Given material |
=-=-=

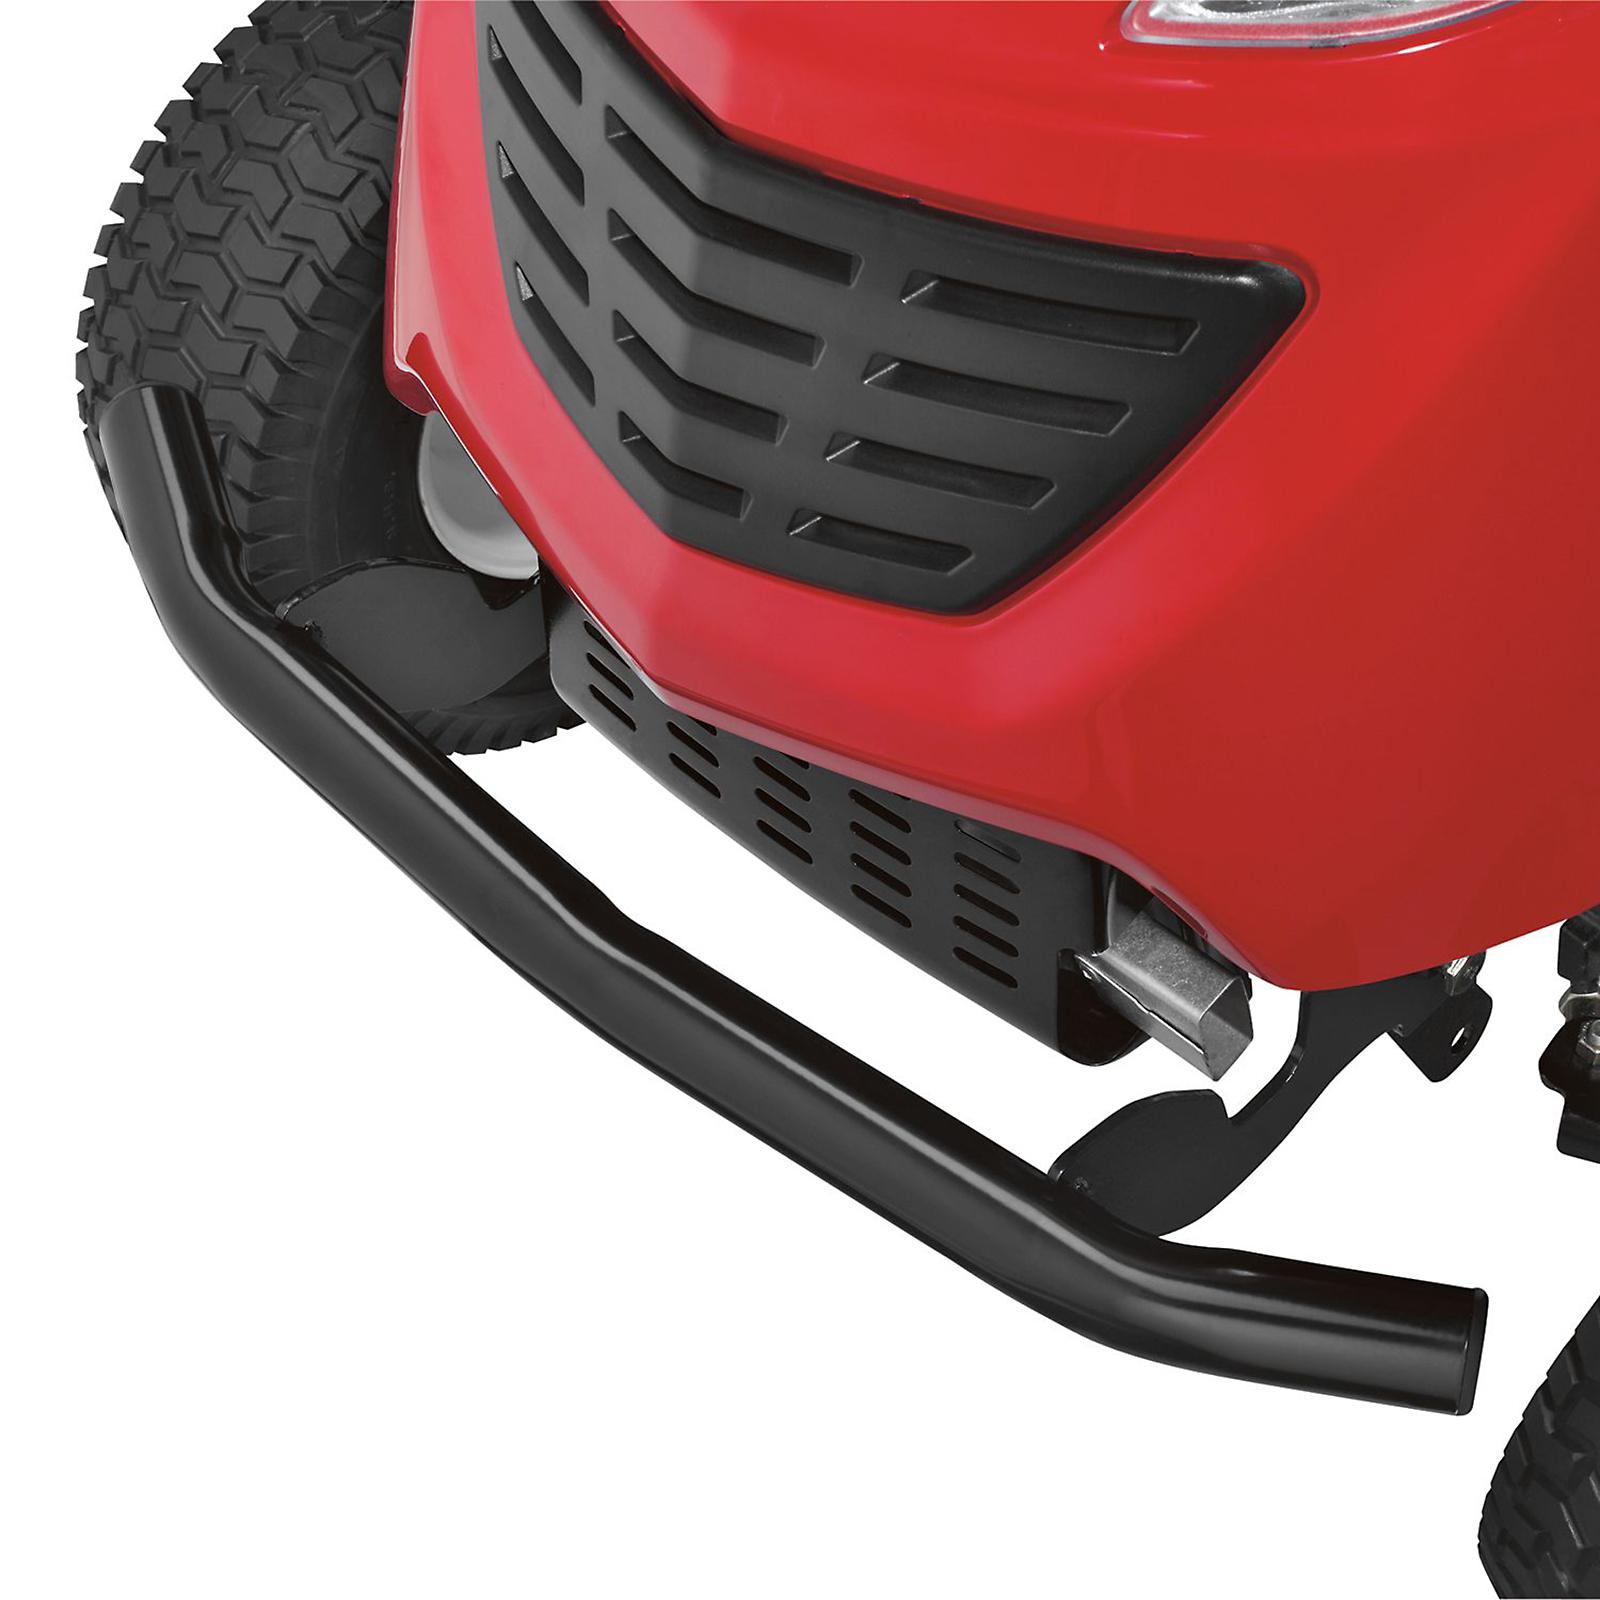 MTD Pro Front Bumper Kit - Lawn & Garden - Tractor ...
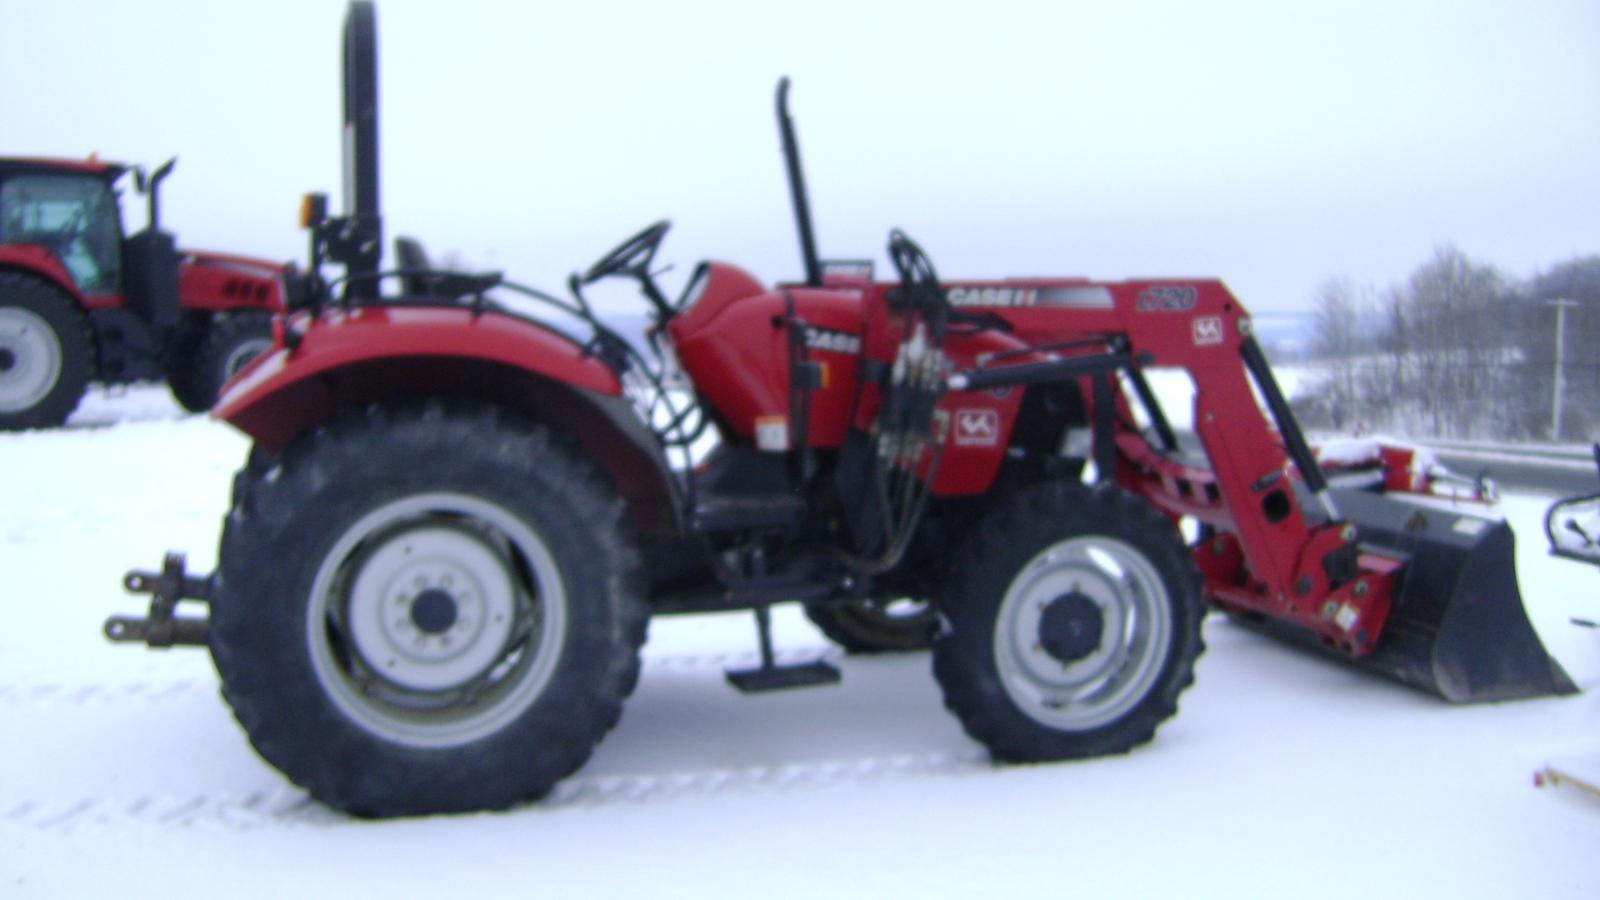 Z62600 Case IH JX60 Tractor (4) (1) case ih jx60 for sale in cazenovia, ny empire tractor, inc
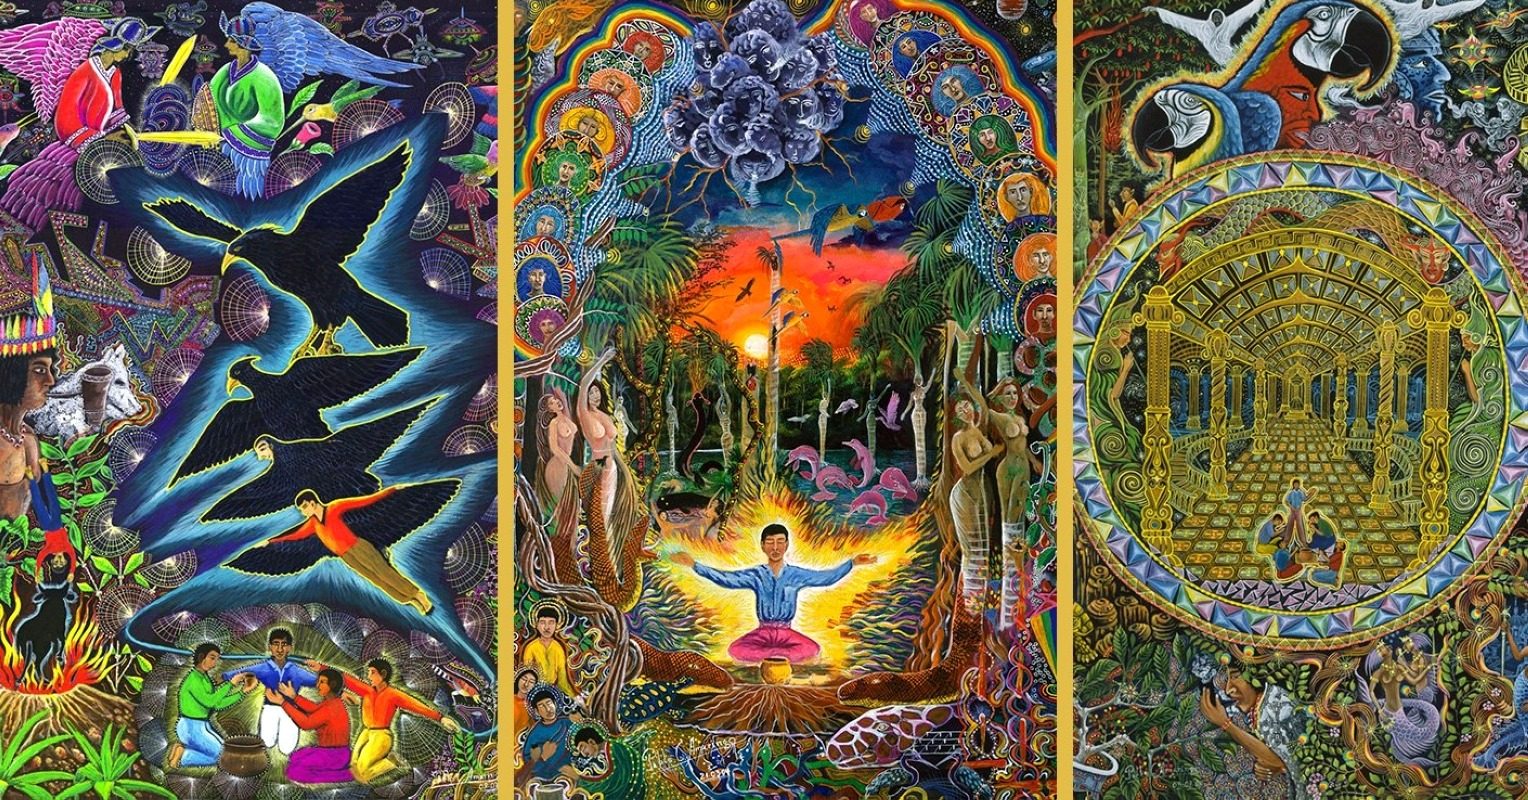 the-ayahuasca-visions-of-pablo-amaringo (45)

=-=-=

Exercise requirements | From the line containing "Z62600 Case IH" to the last line of the listing above, transcribe each line exactly, skipping the pictures.

Answer |
 Z62600 Case IH JX60 Tractor (4) (1) case ih jx60 for sale in cazenovia, ny empire tractor, inc
 the-ayahuasca-visions-of-pablo-amaringo (45)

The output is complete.